Before the availability of Viler’s font pack, you couldn’t properly display ASCII/NFO art in a modern operating system without a specialised application to either view or convert the text into an image.

ANSILove is a set of tools to convert ANSi and artscene-related file formats into PNG images

But image conversion has its downsides. For one text embedded into an image isn’t searchable, nor is it selectable, transferable or assessable. So the text can only be read using a fixed colour and small font size. Plus web browsers themselves add further limitations by placing memory restrictions on the size of the images they are able to load.

Thanks to Viler’s fonts and some code page character conversions I created (really a hack). Most of the text files on Defacto2 are now accurately displayed in the browser as HTML text which eliminates all those mentioned issues using images.

Here are a few examples.

For mostly novelty value you can switch between these 4 sets of DOS era fonts while viewing the text files; 9 pixel VGA, high-resolution thin CGA, IBM PC BIOS and Tandy 1000 series BIOS. And there are a number of colour combinations too, DOS grey on black, white on black, monochrome green on black, black on white and a gimmick black on white with CSS shadow effects. Not surprisingly some files look better with different colour and font combinations.

2016-04-04_18-10-35
Before: The original DEADLINE.NFO poorly rendered by Chrome
deadline
Now: In browser render of DEADLINE.NFO
deadline shadow
CSS Shadow effects
select all
All text is searchable and selectable
2016-04-04_18-15-35
Text pasted into Notepad

For any web developers out there the basic implementation involved taking a DOS encoded text file and reading it using the Windows 1252 character set.

I looked up all the common ASCII art characters that are malformed by using this incorrect code page, pattern matched and replaced them with their UTF-8 coded equivalent.
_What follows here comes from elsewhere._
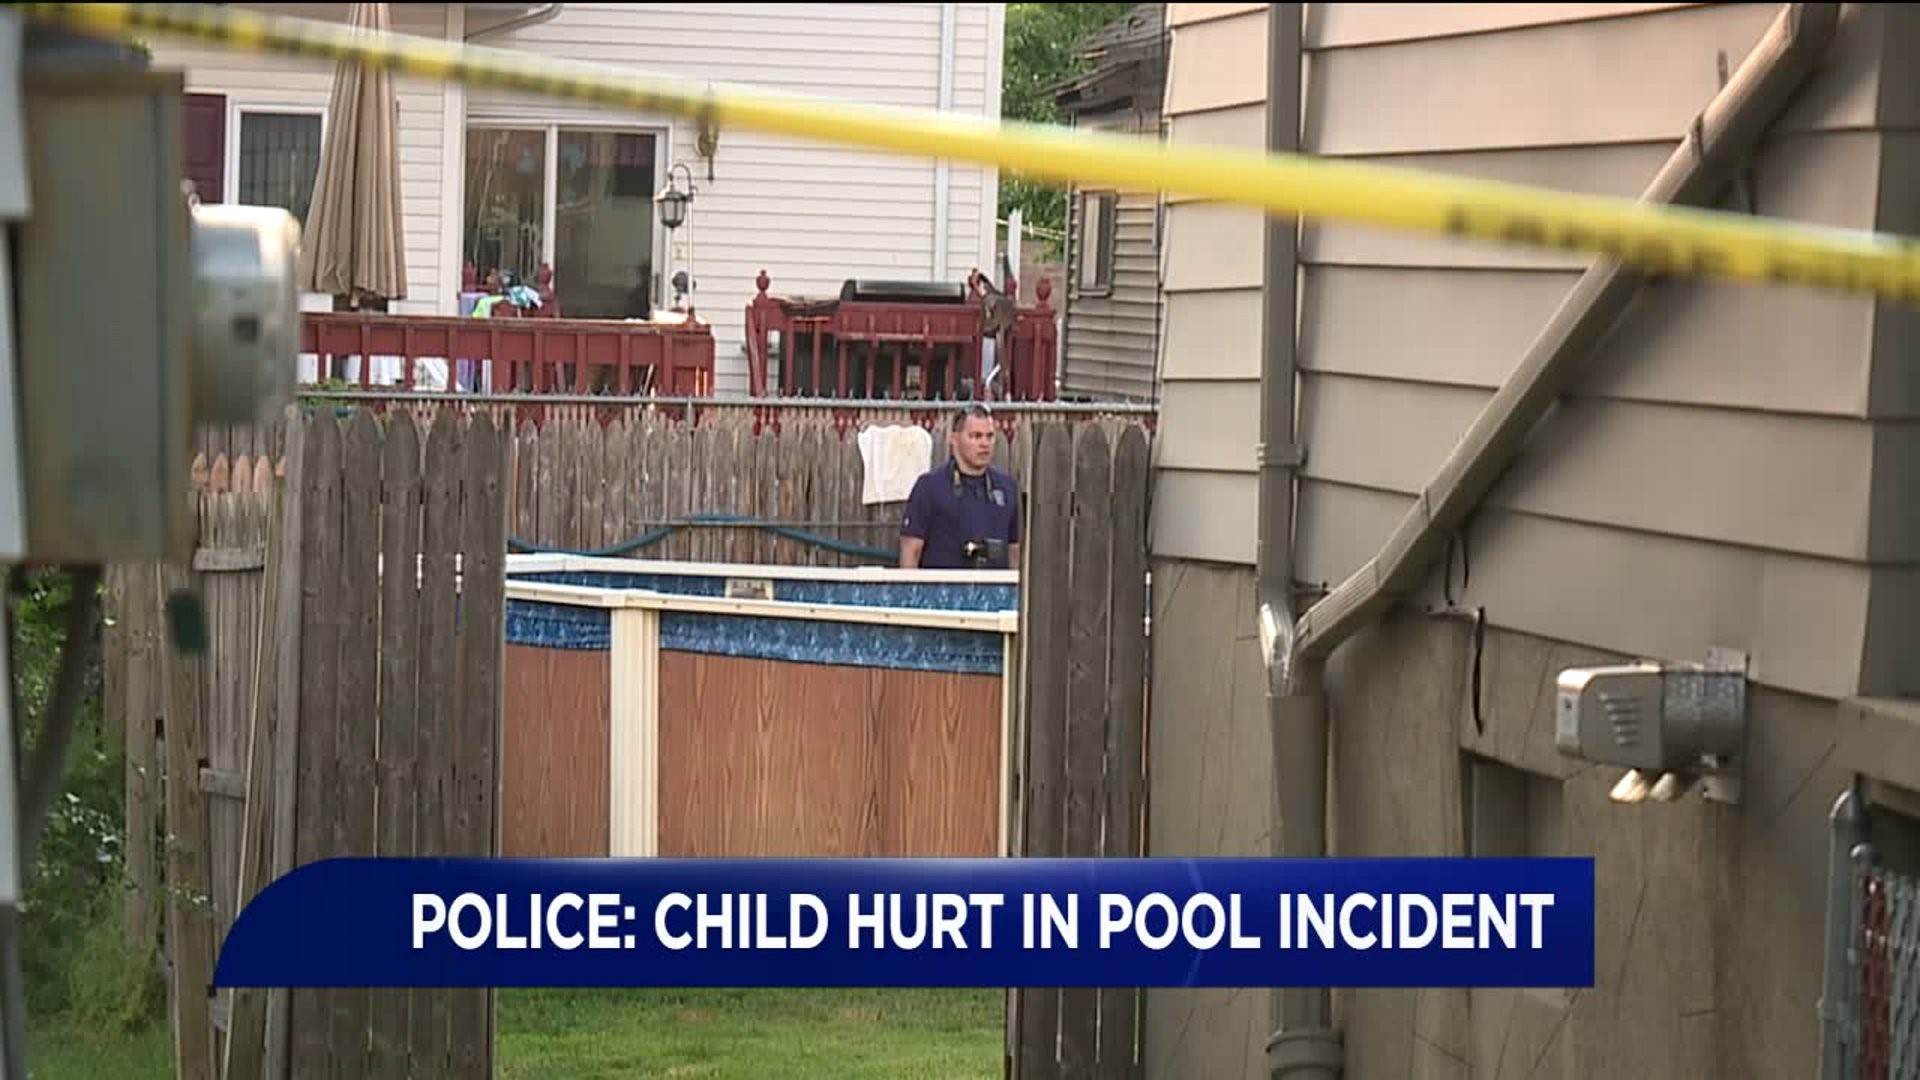 2-year-old Flown to Hospital After She was Hurt in a Swimming Pool

For example, when using CP-437 the lower half block glyph ▄ is represented as decimal 220With the Windows 1252 code page which has no lower half block character, decimal 220 returns the Ü glyph.
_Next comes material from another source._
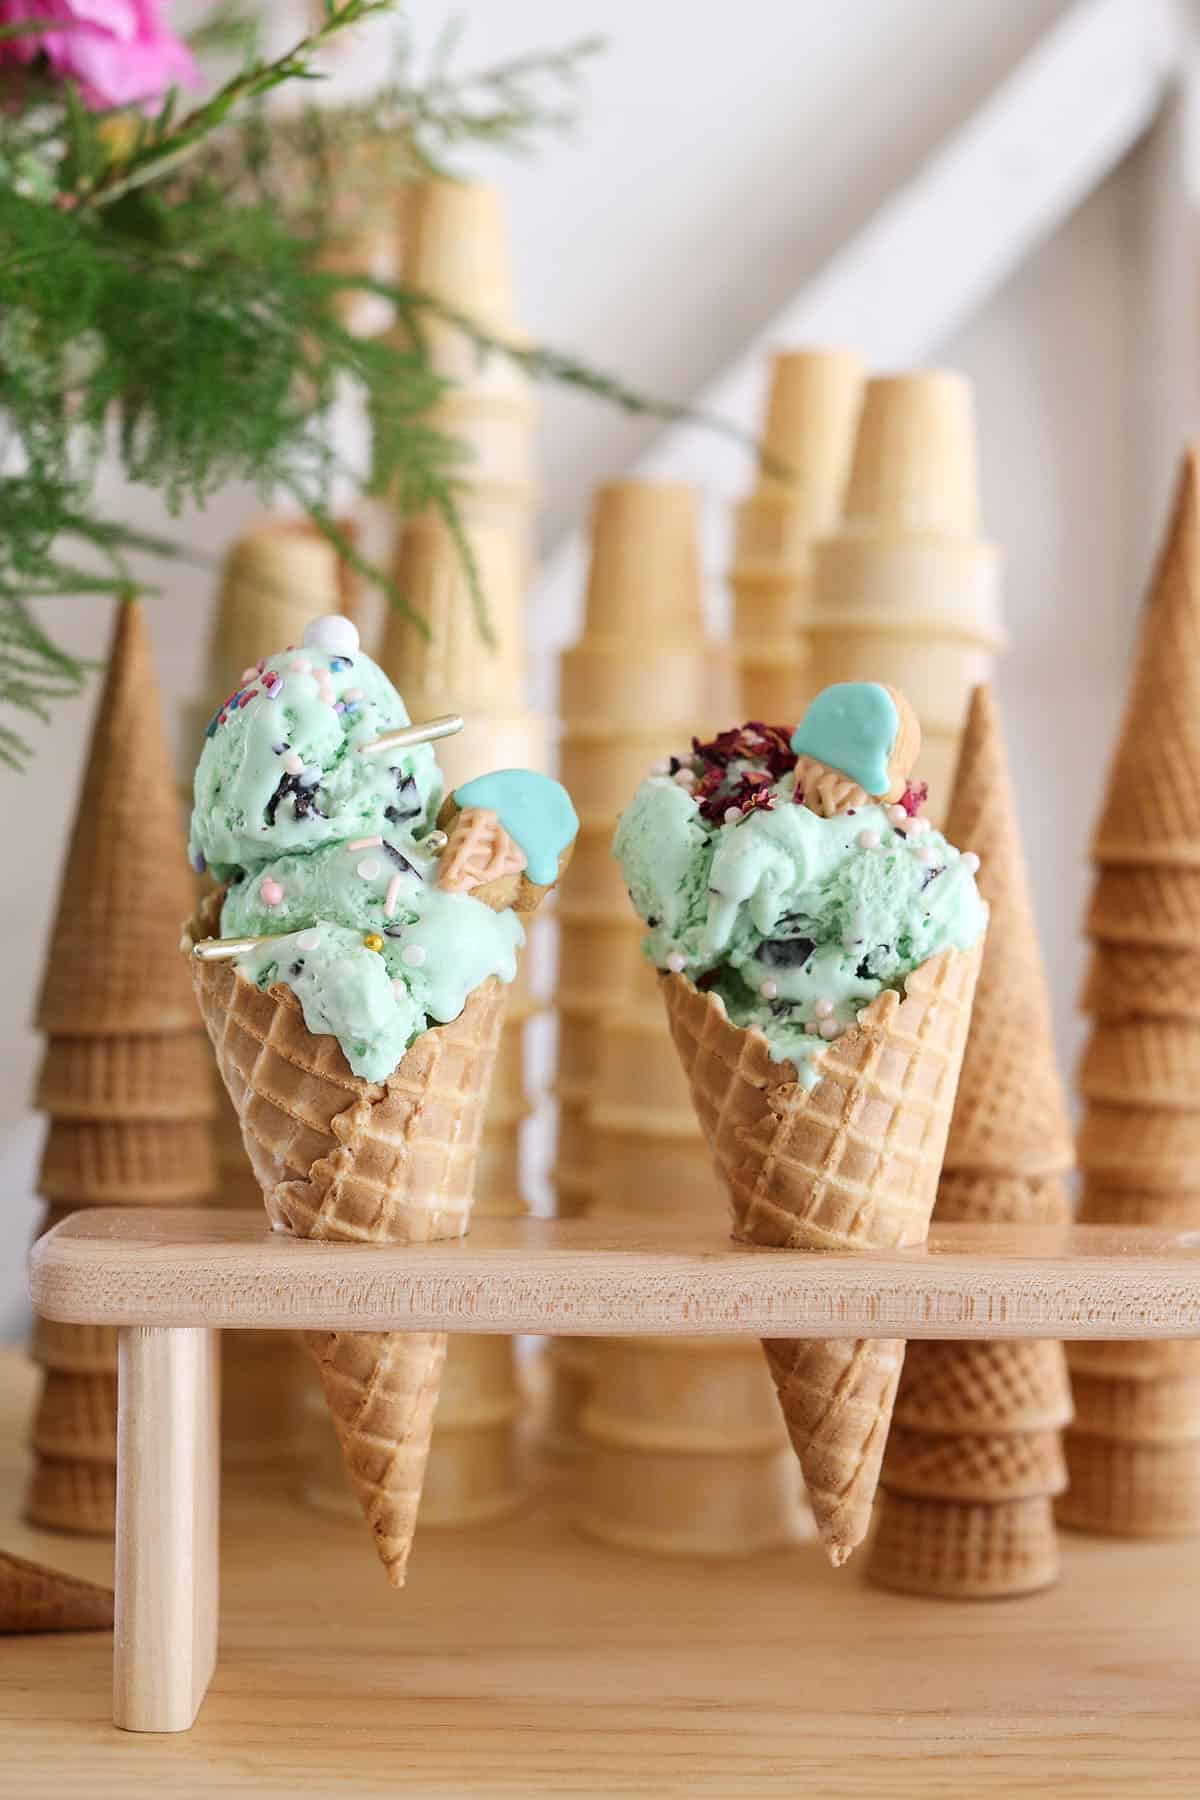 Ice cream cones in a wooden holder on a bar

After loading an ASCII art file using Windows 1252, I replace all the incorrect Ü glyphs with U+2584 or ▄ and then display the converted document in the Unicode compatible, web browser friendly UTF-8 encoding.
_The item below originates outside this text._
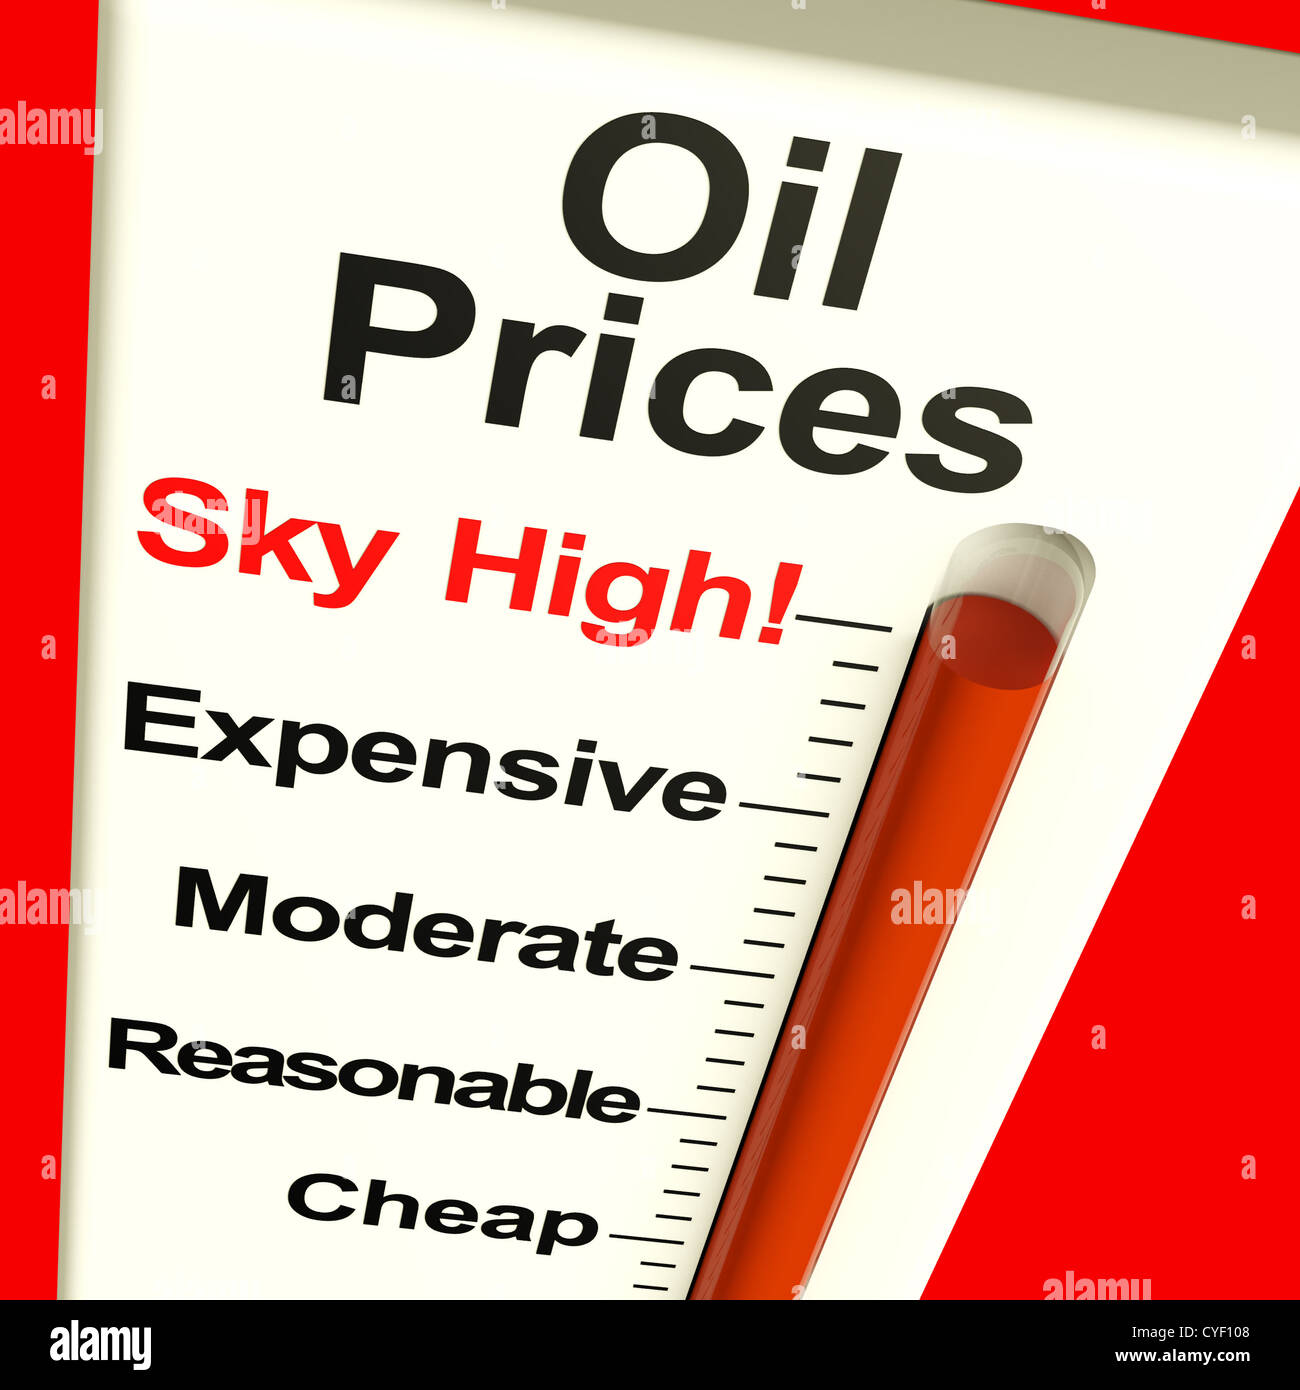 Oil Prices High Monitor Showing Expensive Fuel Cost Stock Photo

The translated body of text is wrapped between a set of <pre></pre> tags on a HTML5 page rendered as UTF-8. A CSS font-face rule is inserted to remotely load Viler’s Truetype font and apply to it the content of the <pre> tags.

So why did this take so long?

There were a couple of problems that hampered this process.

First and foremost was the font issue. Even if Viler had done this font conversion in the 2000s they would have been useless for web developers such as myself. The ability to force browsers to download and use specific fonts was only introduced in CSS3 and wasn’t widely implemented in most browsers until a few years ago.

But the more frustrating complication was character encoding. The character sets used in DOS are non-standard and are not supported in modern operating systems. These encodings assign each character, letter, digit or glyph a unique numeric reference. Without the right character set, DOS text files will never display correctly in web browsers.

The common character set in use today is UTF-8 which itself is an implementation of Unicode. Unicode didn’t implement all the extended DOS characters until revision 3.2 released in 2002. Yet it took an extremely long time for that standard to be supported by modern web browsers. It was only after the widespread adoption of HTML5 that we saw progress with the in browser support for DOS era block and box characters.

Older browsers may not support all the HTML5 entities in the table below. Chrome has good support. But (currently) only IE 11+ and Firefox 35+ support all the entities.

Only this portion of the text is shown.